And over a short period of time .... an industry was created. And a very few eccentrics saw an opportunity and took advantage.
Ed Yarick opened a small gym in Oakland, and Jack Lalanne opened a small gym on the 5th floor of a very ancient high rise office building on the then less desirable end of Downtown's Market Street, while Walt Baptiste openeda Yoga studio with weights in the corner on Van Ness Avenue.
And a couple of brothers on the east coast were getting magaziines started while competing against a guy named Dan Louri and a strong guy who lifted heavy barbells in a town called York by the name of Bob Hoffman.

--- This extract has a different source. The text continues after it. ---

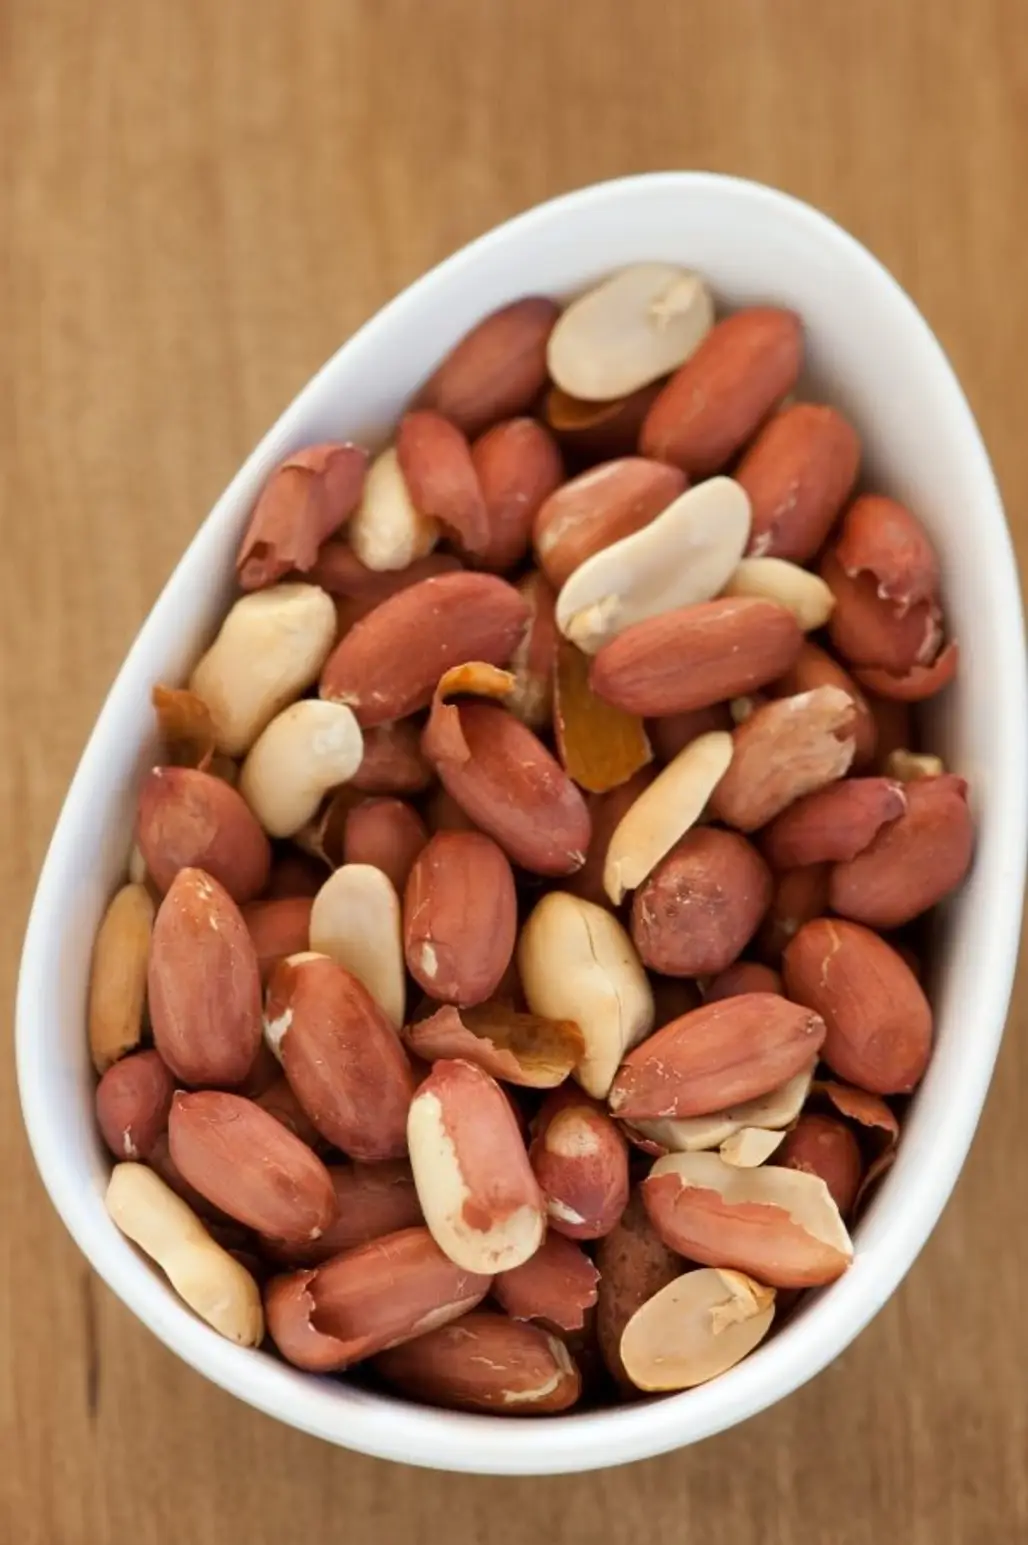 Peanuts Aren’t Nuts

And I sort of forget how and when they fit into this picture but Perry and Mable Raider were also pioneers in the big-guy, strong-guy editorial business with a little but impressive magazine called "IronMan".
So now things start taking shape and a new and unrecognized industry is developing and the magazines start selling ad space.
But they soon realize that diarreah and constipation remedies have little interest in there ad offerings, so they start 'inventing' stuff to advertise in the hope ehat it will generate enough income to keep the presses rolling.
And one day one of those editorial type guys notices a full page ad in his favorite comic book in which a skinny kid gets sand kicked in his face while the big guy walks away with his girlfriend .... and an immediate "Trainer of Champions" idea is born which causes a great amount of jealousy and animosity within this new publishing industry and among the real living experts within the "Get big, Get strong" world which the vast majority of the world's population knows nothing about.
And the snake oil guys return in droves. But not all snake oils are bad!